Vio una sonrisa cansada estirar apenas los labios finos y secos de Lucas Carrasco. La magia de sus sueños pasados la envolvió con una excitación redonda y protectora que no conocía.
Compartieron el bife y el vino en silencio, como si hubieran hablado demasiado, pero no de más. Luego, Lucas le contó la historia de un mito mixteco, recogido de la boca de un anciano centenario en un pueblo ancestral de Oaxaca. El mito contaba la historia de unos dioses que en el principio de los tiempos habían fundado el mundo siguiendo las instrucciones de un radio de transistores y habían descansado después dos días enteros, tal como lo ordenaban las leyes laborales de aquella era. Le contó después del libro que estaba escribiendo, sobre el destino de las utopías que habían tratado de implantarse en tierra mexicana.
Al caer la tarde, Leonor extendió sobre la mesa las cartas de Mariana que le había prometido.

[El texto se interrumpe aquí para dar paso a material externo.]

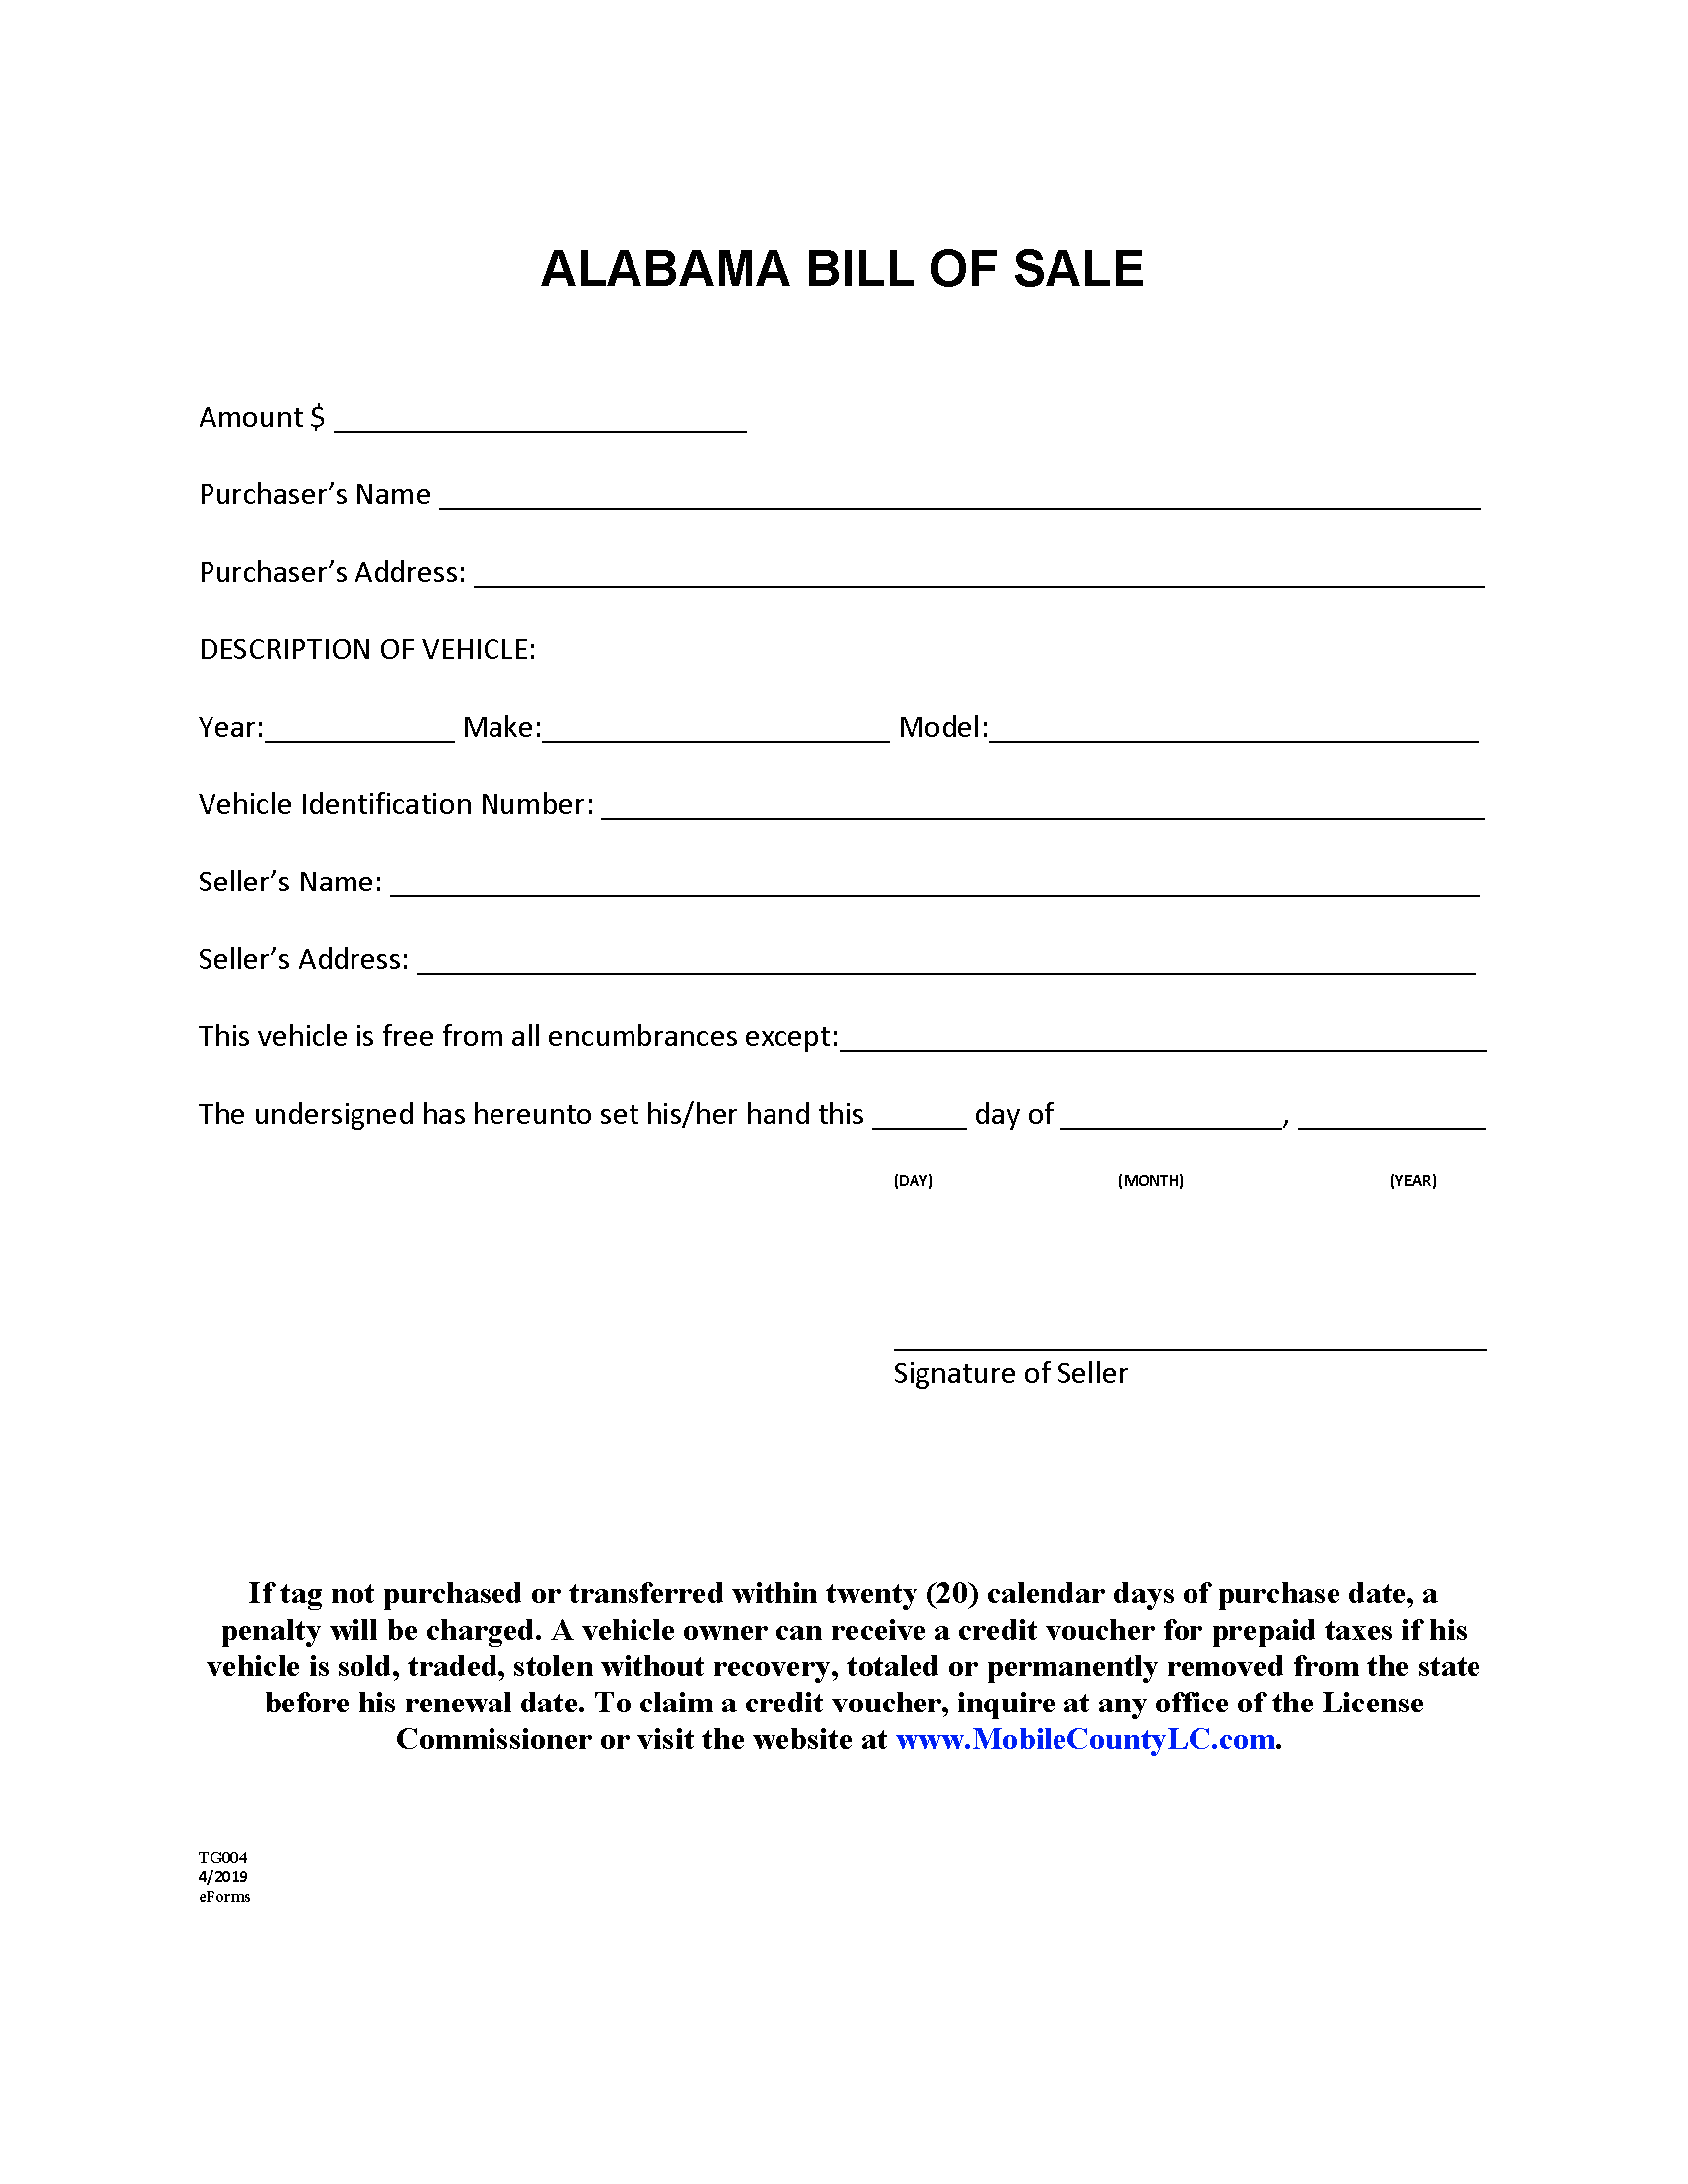 free-alabama-motor-vehicle-bill-of-sale-form-word-pdf-eforms-cloud

Lucas las revisó cuidadosamente y las metió después en la bolsa interna del saco. Tomó de la silla el sobre que había traído de la oficina y lo puso sobre la mesa.
– Yo también te traje unas cartas de Mariana -dijo Lucas. -No dicen mayor cosa, pero son las que tengo. Cuídalas, porque no tengo copia.

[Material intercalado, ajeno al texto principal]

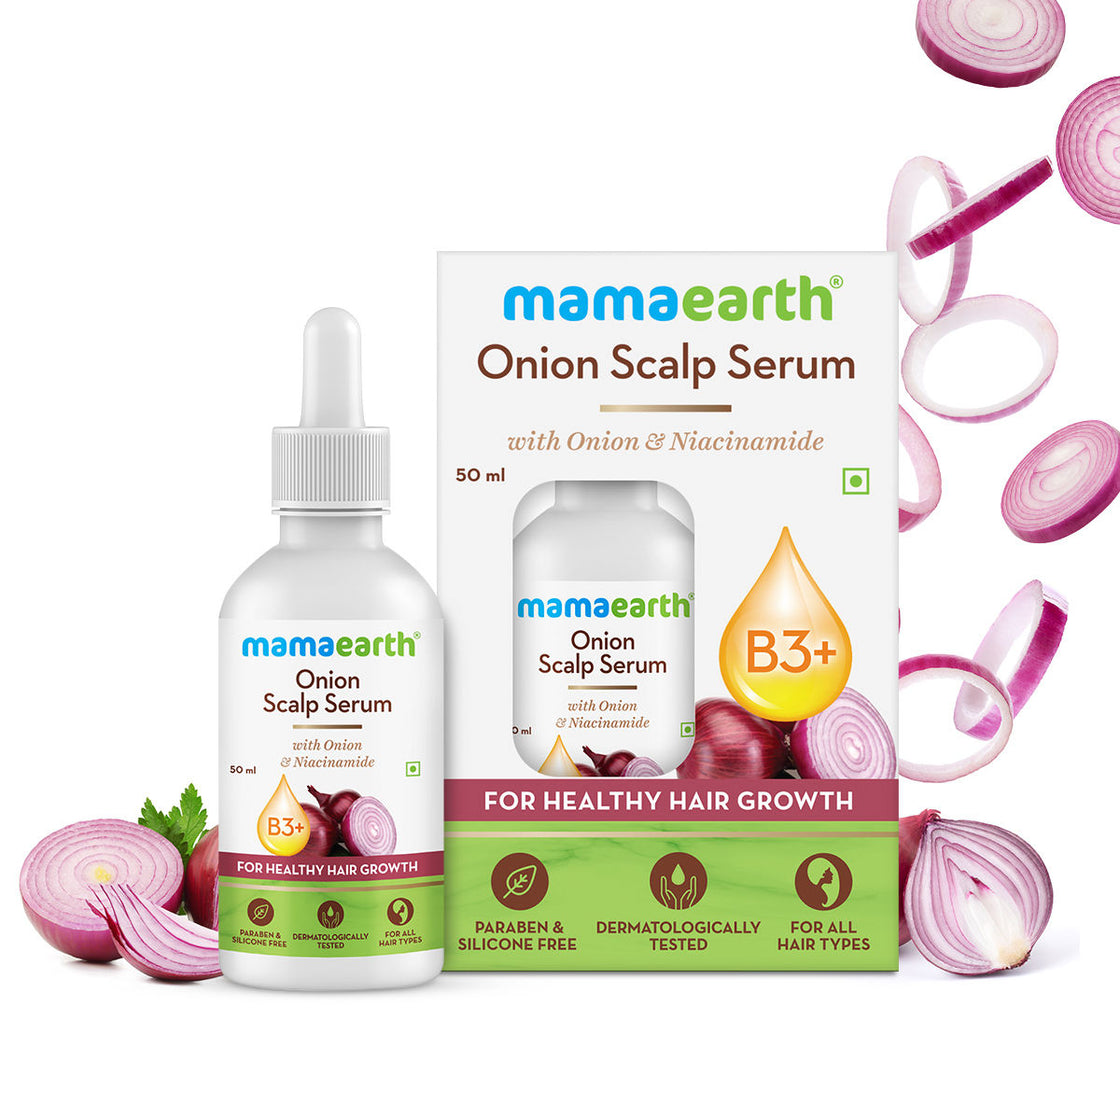 Mamaearth Onion Scalp Serum With Onion & Biotin For Healthy Hair Growth

– Yo tampoco tengo de las que te estoy dando -respondió Leonor.
– Entonces somos nuestros únicos testigos elijo Lucas Carrasco, con un esguince en los labios que quiso ser una sonrisa y fue para Leonor una promesa.

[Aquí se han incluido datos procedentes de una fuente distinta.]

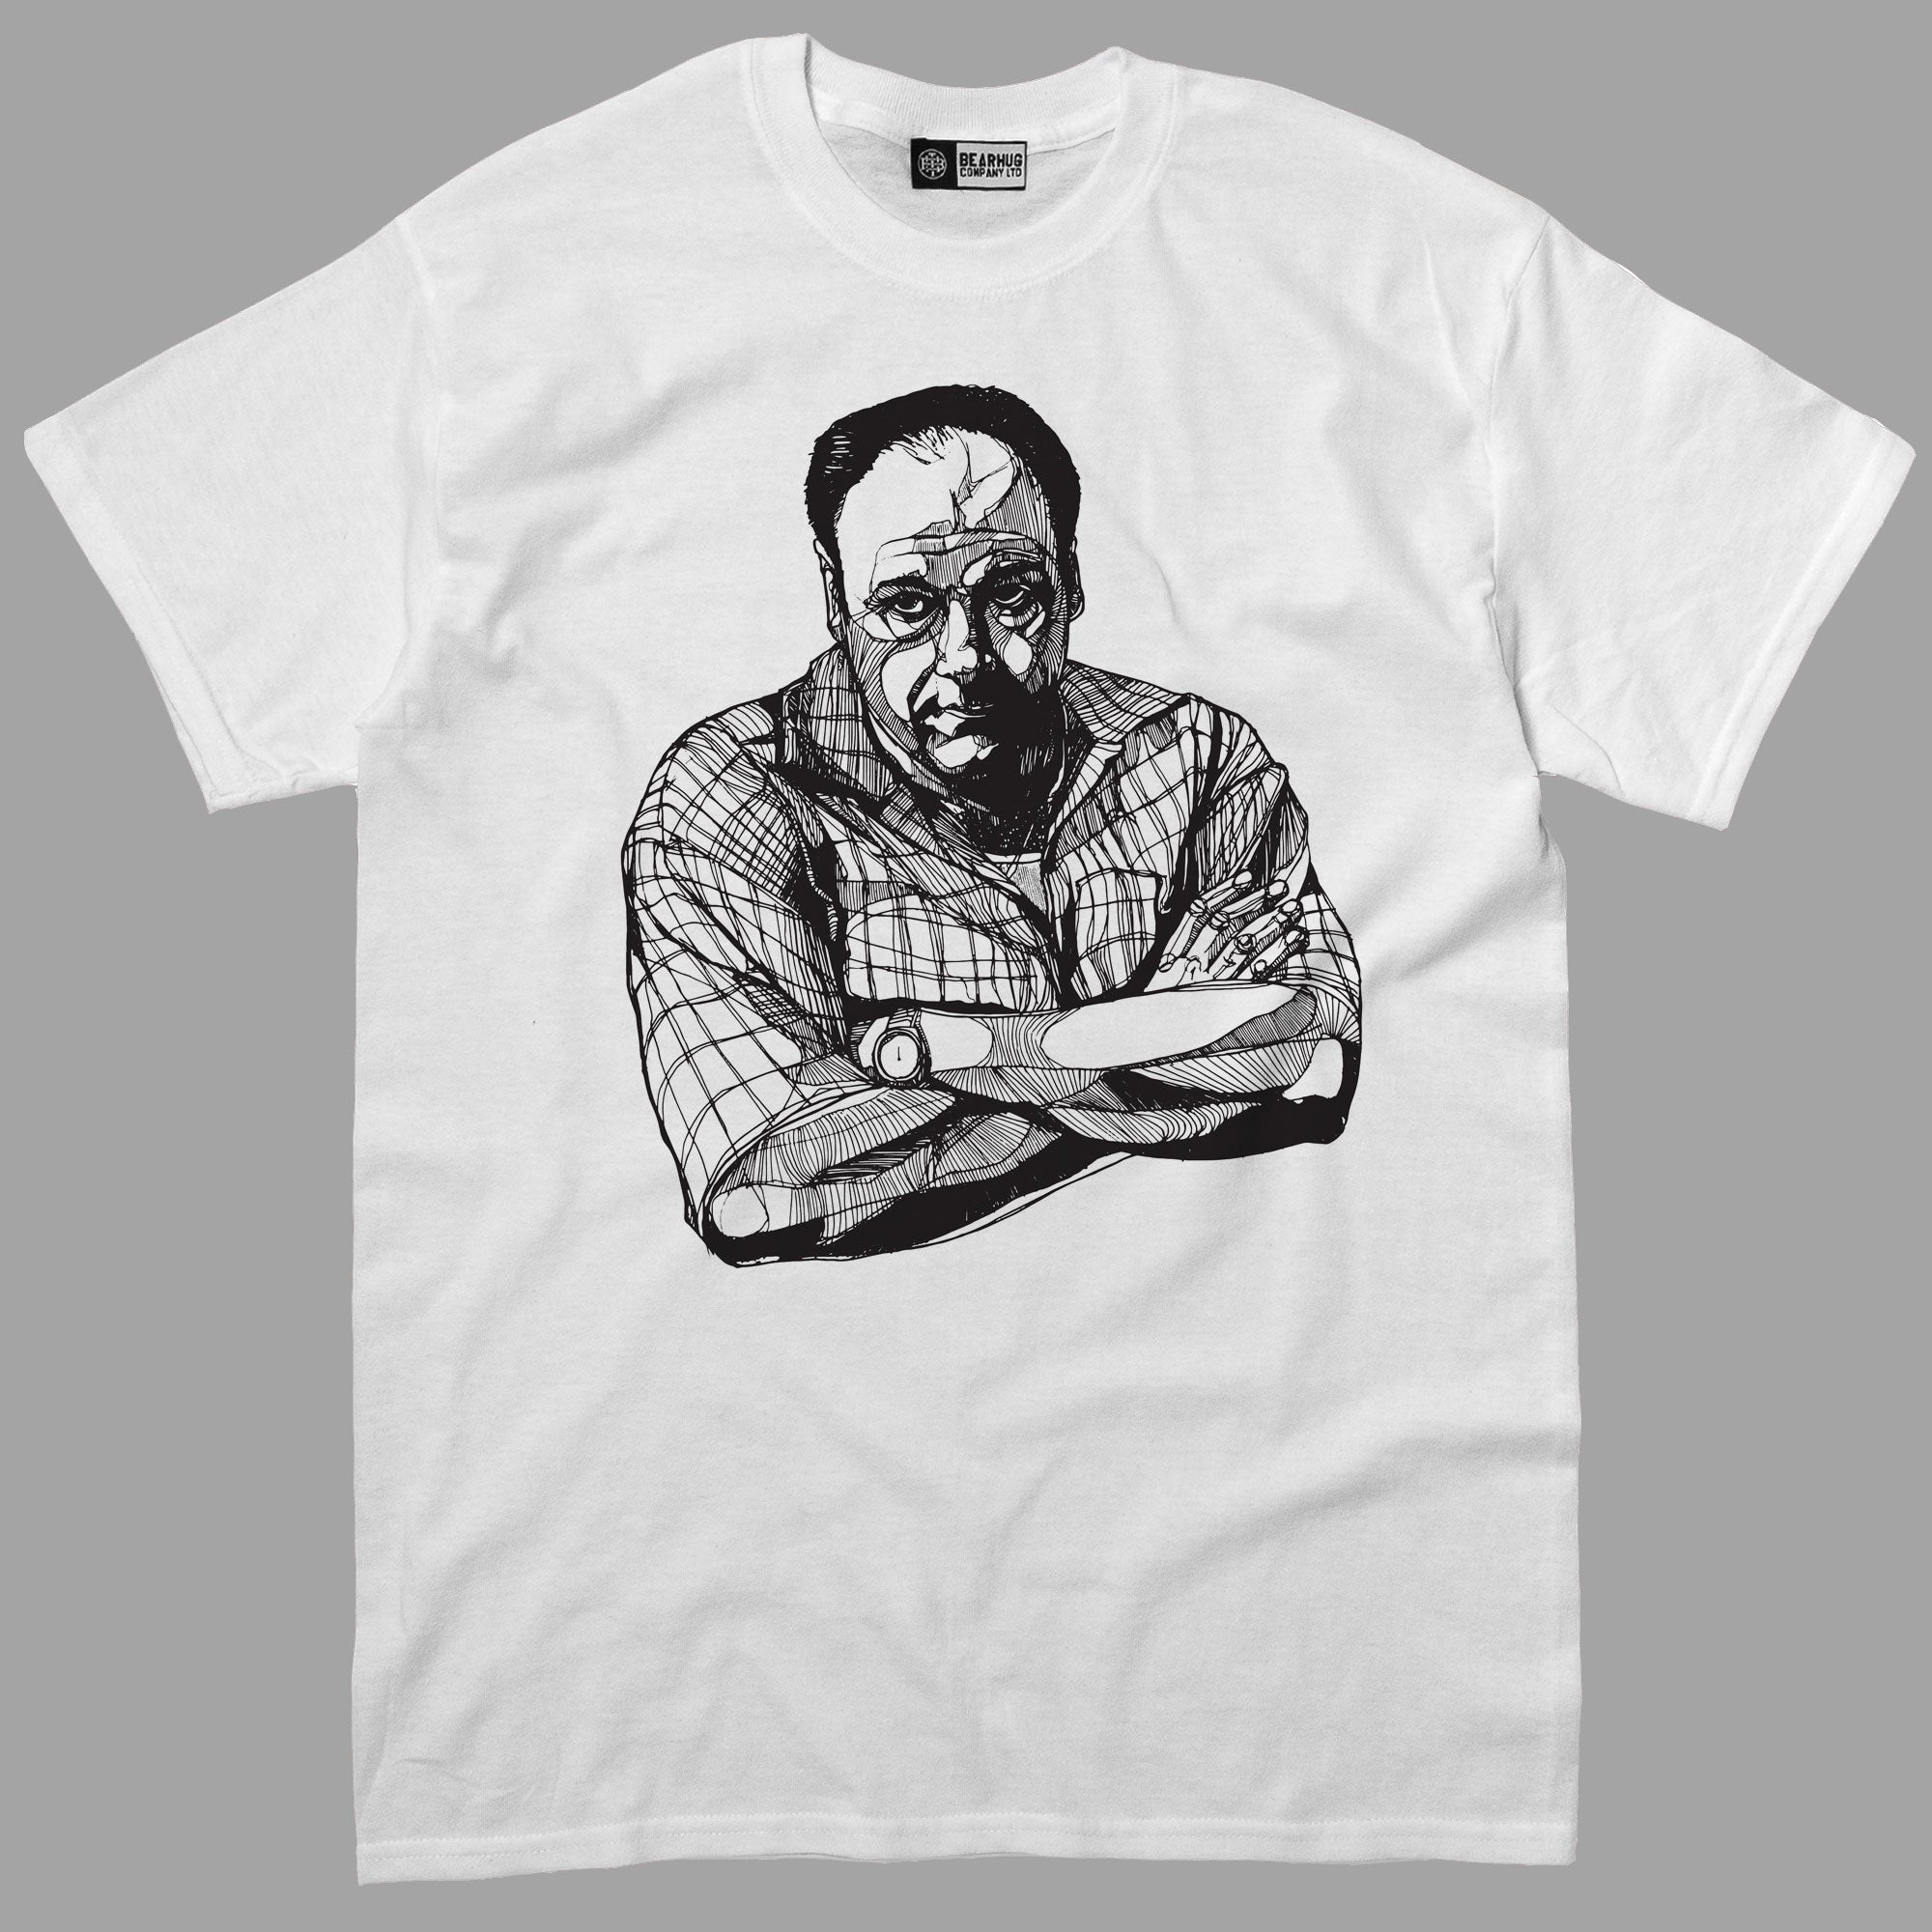 Tony Soprano - The Sopranos - White T-Shirt

Devoró las cartas que Lucas le dio en el vestidor de los baños del club, antes de cambiarse para regresar al país del que se había fugado. Eran sólo dos cartas. En una, Mariana refería sus preparativos para recibir a Lucas por la noche con el guiso de un huachinango cuya receta probaba por primera vez. En otra, le contaba su absoluta nostalgia de él hora por hora, desde el amanecer en que Lucas se había ido, presuroso dejándole una nota sobre la esclavitud de los horarios, hasta la tarde en que pudo abrazarlo de nuevo a las puertas del cine donde vieron la adaptación cinematográfica de una novela inconclusa de Scott Fitzgerald.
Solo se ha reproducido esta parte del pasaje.